**TASK:**
Only one stretch of lines is wanted: the line with "Interchangeable White Fox" through the final line of the material. Restate it word for word, minus pictures.

**RECORDED DATA:**
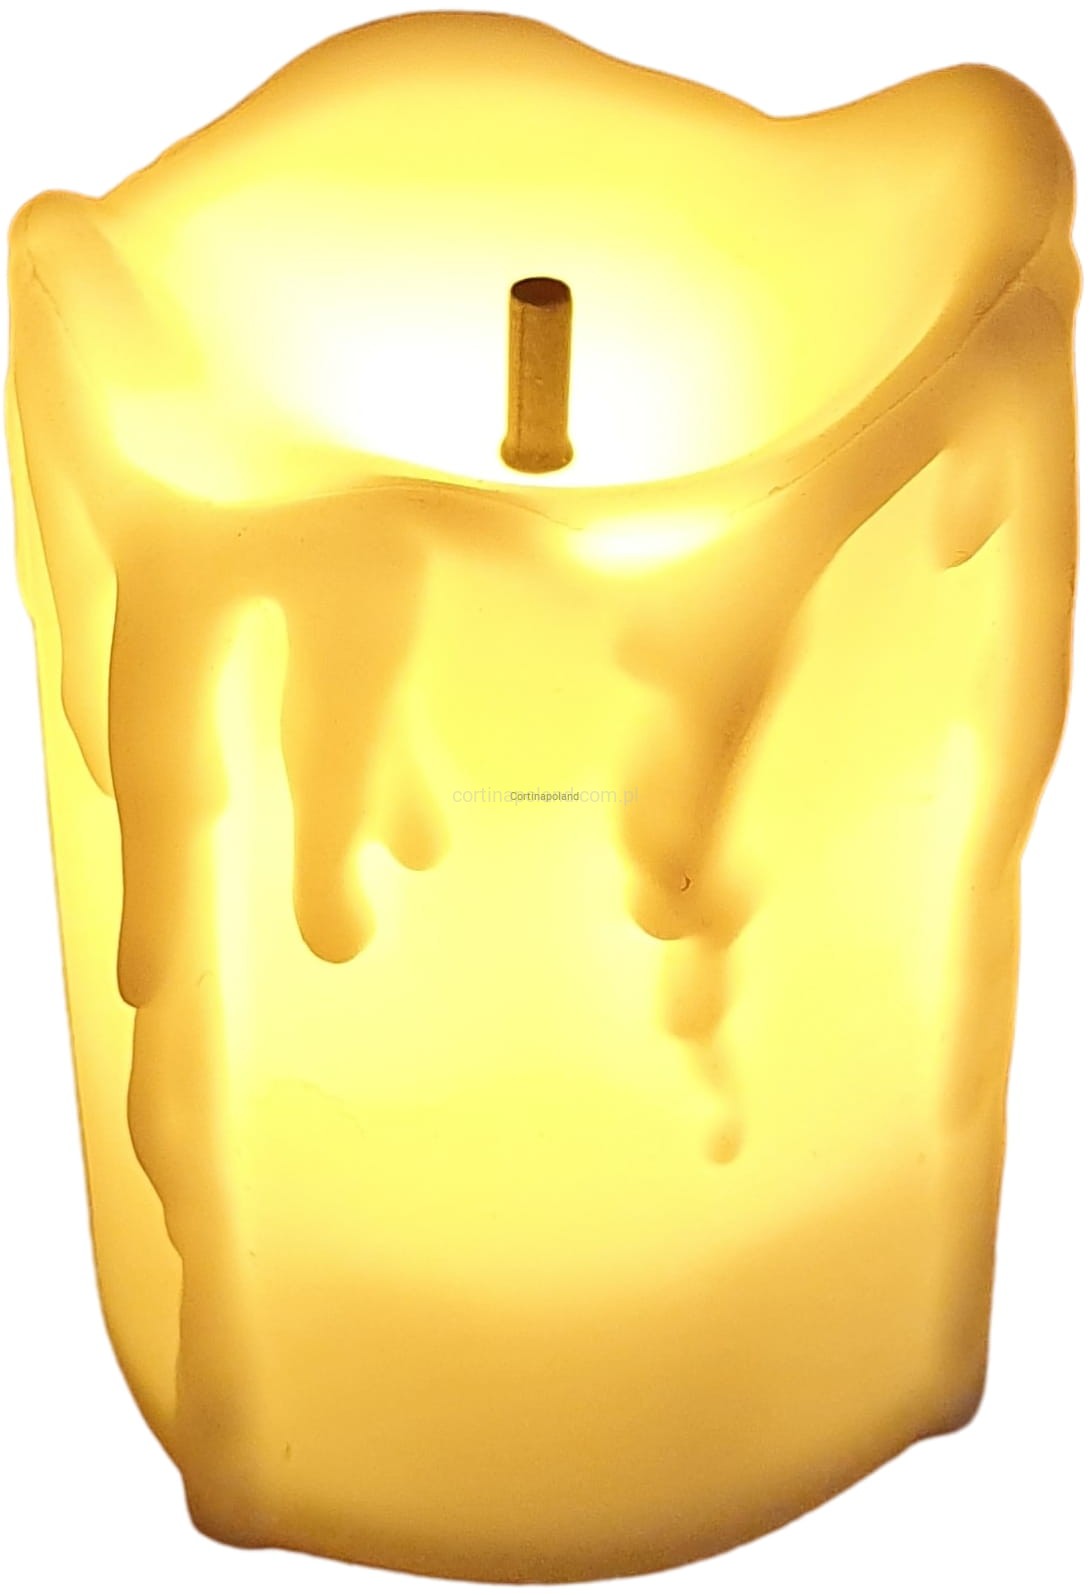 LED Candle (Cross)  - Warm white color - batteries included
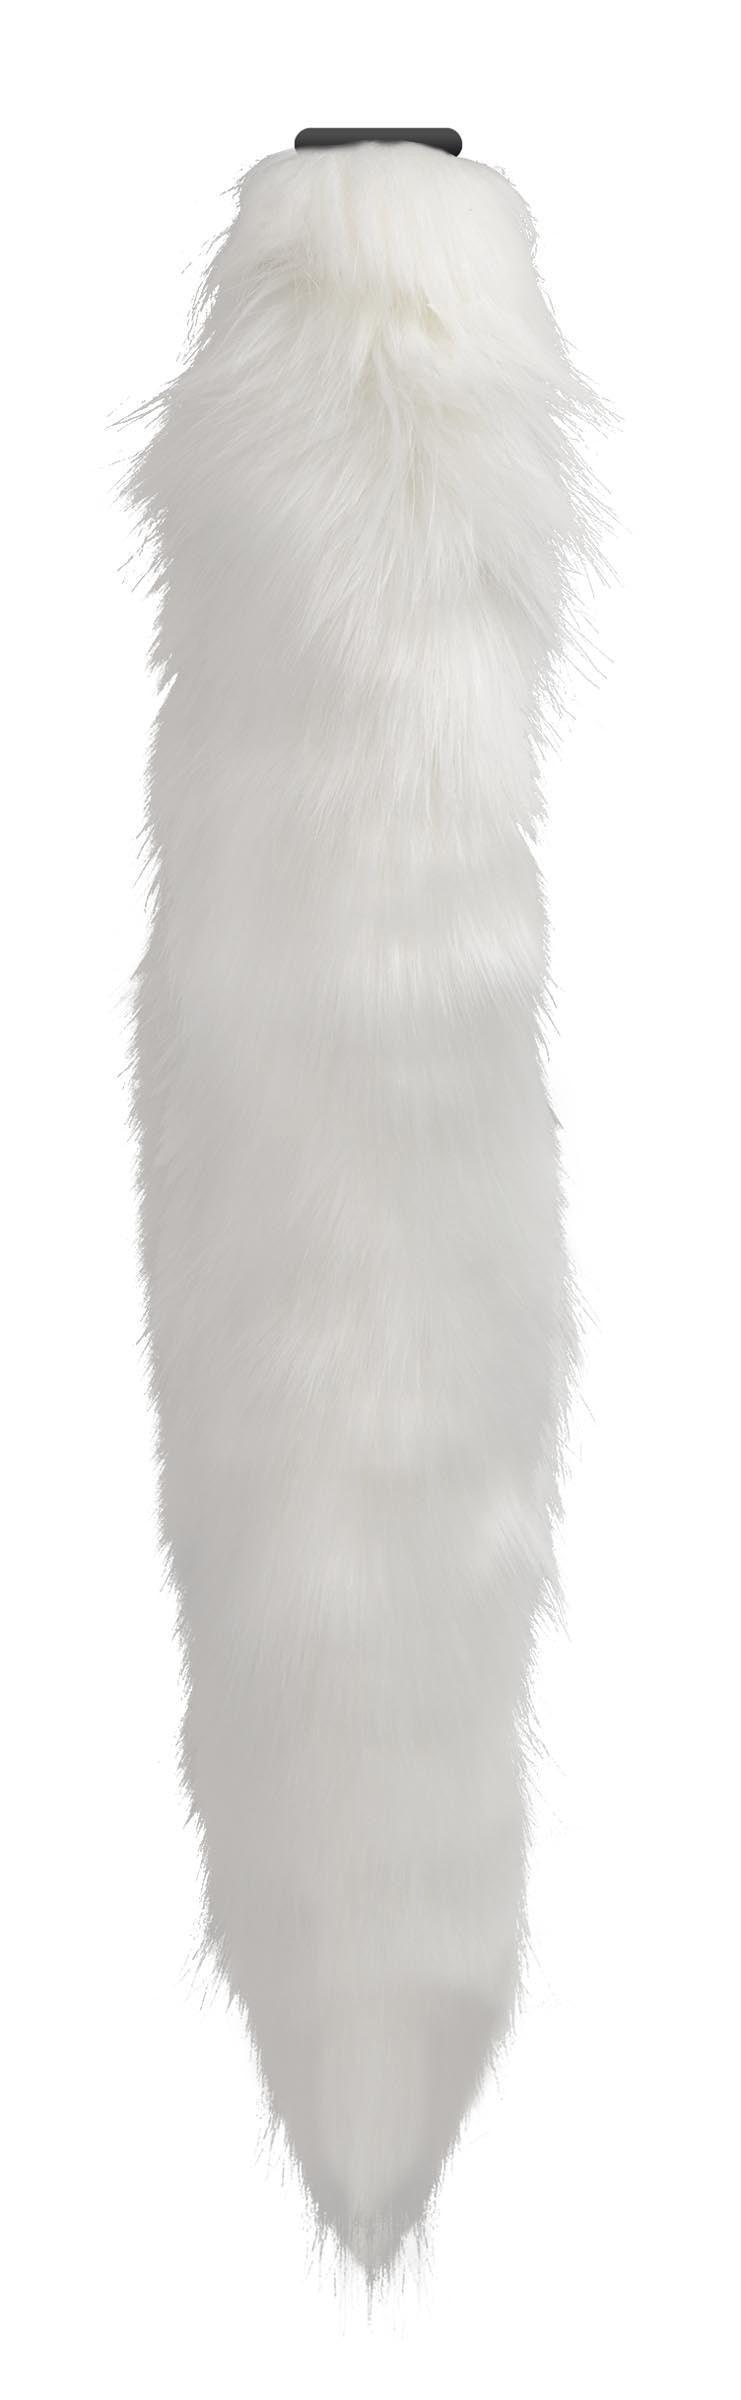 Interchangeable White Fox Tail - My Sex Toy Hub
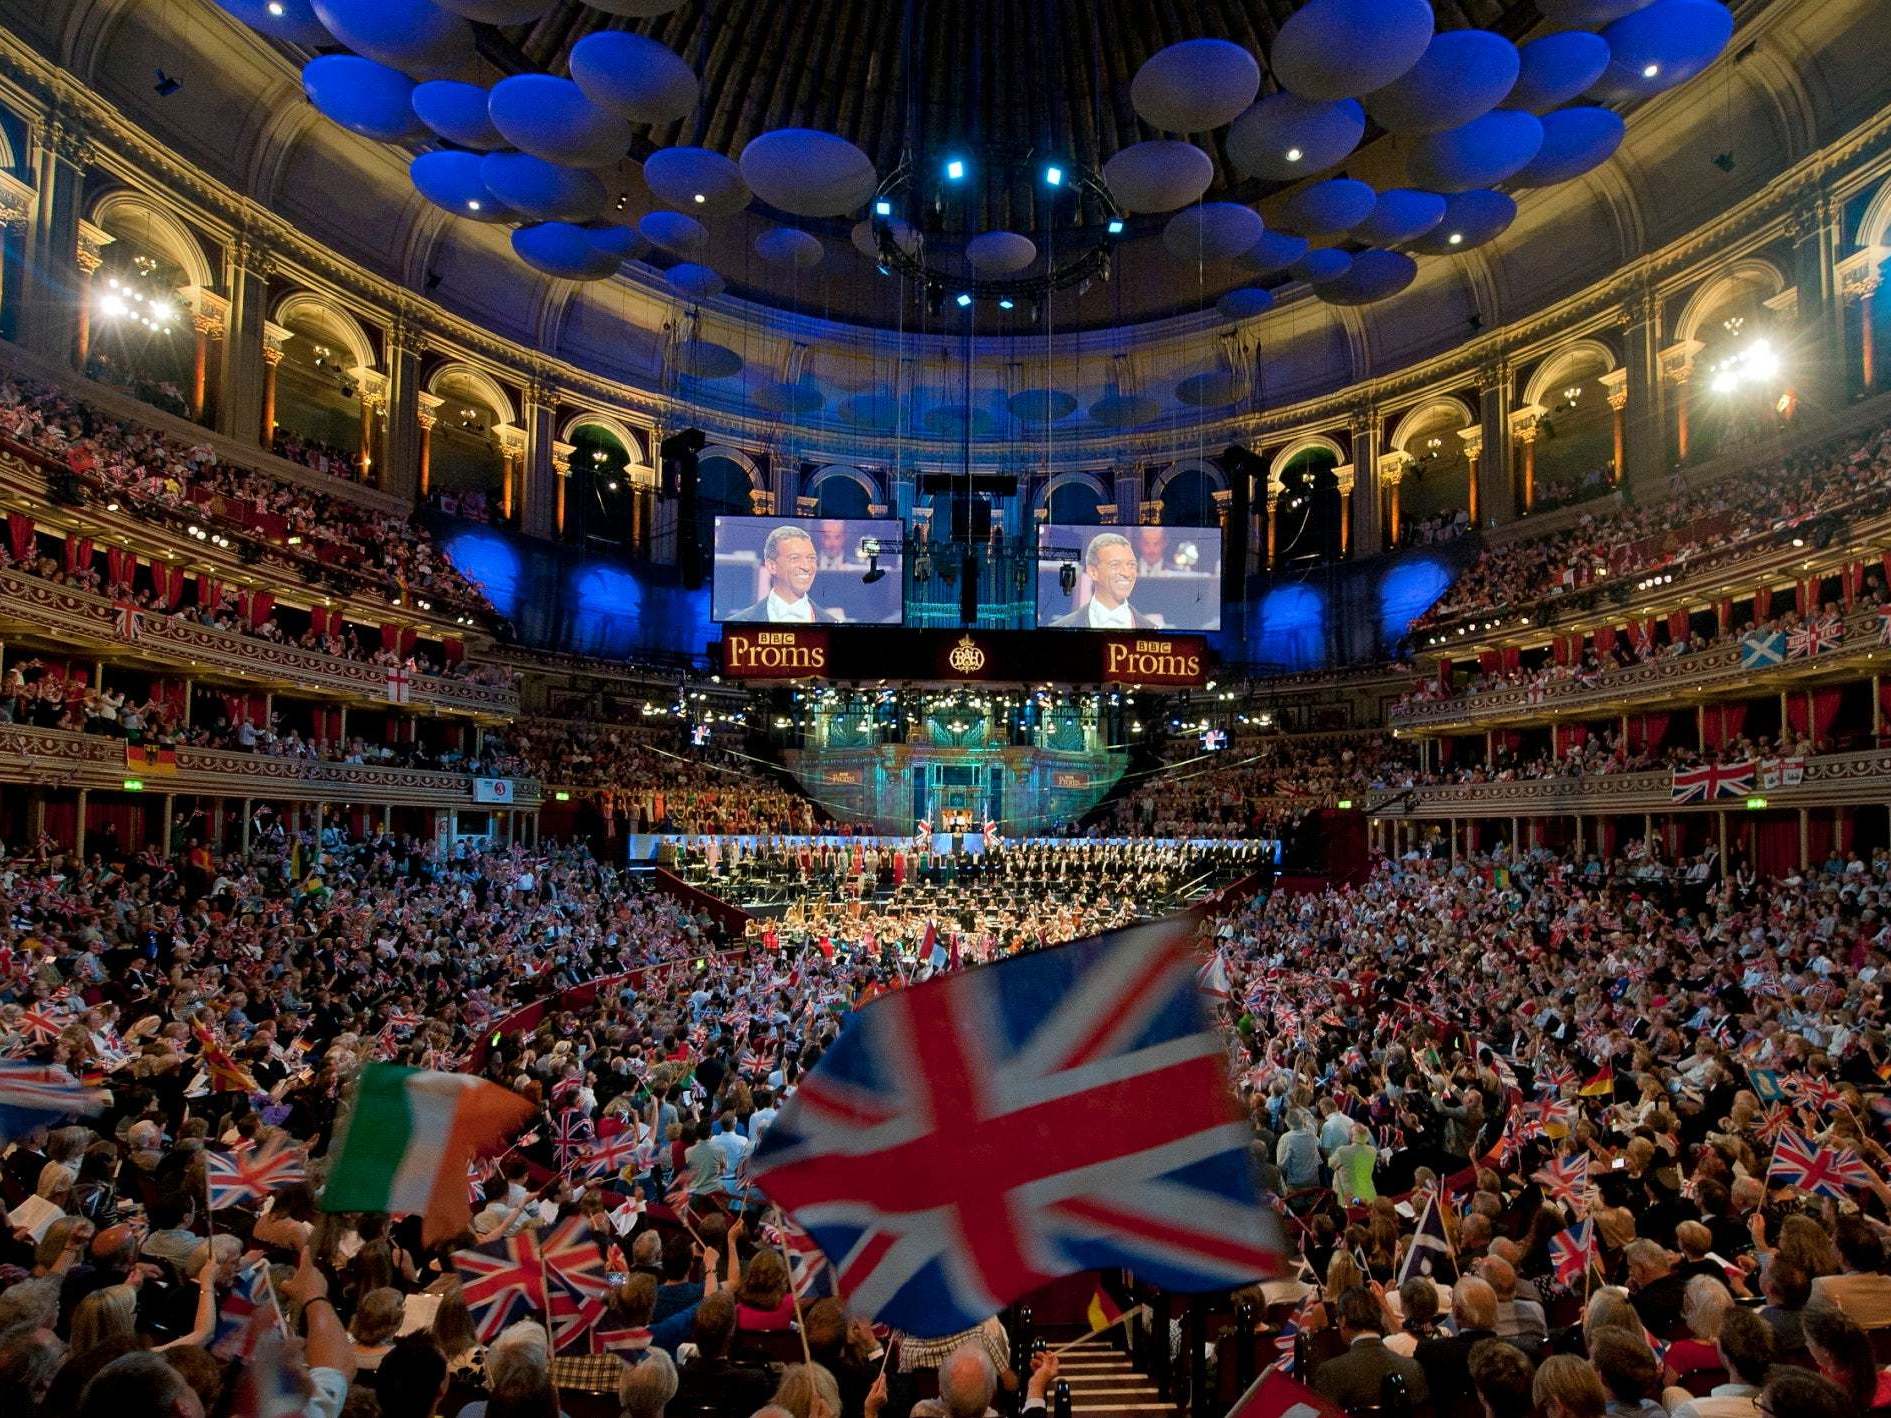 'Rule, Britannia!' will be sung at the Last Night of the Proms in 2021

**REPLY TO THE TASK:**
 Interchangeable White Fox Tail - My Sex Toy Hub
 'Rule, Britannia!' will be sung at the Last Night of the Proms in 2021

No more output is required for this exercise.